Ribonucleotide-diphosphate reductase subunit M2 B is an enzyme that in humans is encoded by the RRM2B gene. The gene encoding the RRM2B protein is located on chromosome 8, at position 8q23.1. The gene and its products are also known by designations MTDPS8A, MTDPS8B, and p53R2.

Function
RRM2B codes for one of two versions of the R2 subunit of ribonucleotide reductase, which generates nucleotide precursors required for DNA replication by reducing ribonucleoside diphosphates to deoxyribonucloside diphosphates.  The version of R2 encoded by RRM2B is induced by p53, and is required for normal DNA repair and mtDNA synthesis in non-proliferating cells.  The other form of R2 is expressed only in dividing cells.

Interactions 

RRM2B has been shown to interact with Mdm2 and Ataxia telangiectasia mutated.

Clinical relevance
Abnormalities in this gene are one of the causes of mitochondrial DNA depletion syndrome (MDDS). Neonatal hypotonia, developmental delay, encephalopathy, with seizures, deafness and lactic acidosis have been associated with mutations in this gene.  MDDS is fatal, with death occurring from respiratory failure in early childhood.
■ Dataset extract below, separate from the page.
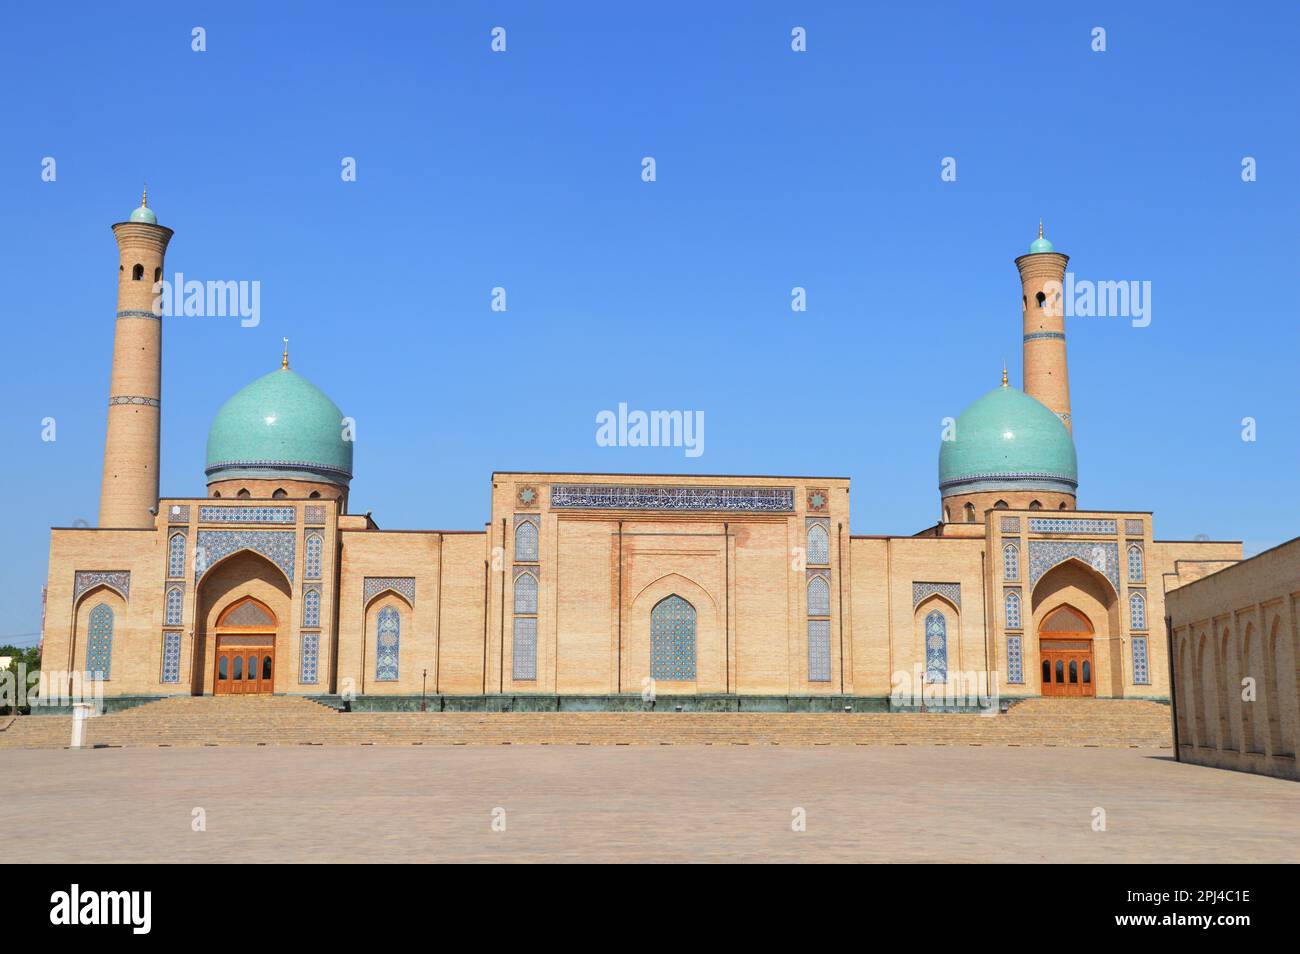 Ouzbékistan, Tachkent, capitale, complexe Khast-Imam: Mosquée Khazrati Imam, construite en 2007, de l'autre côté de la place Barak-Khan Madrasa. Banque D'Images

It has been associated with some cases of pediatric acute liver failure.

Mutations in this gene have been shown to cause progressive external ophthalmoplegia.

Increased expression of RRM2B has been correlated with gemcitabine resistance in human cholangiocarcinoma cells and may be predictive of lack of clinical benefit from gemcitabine for human cancers.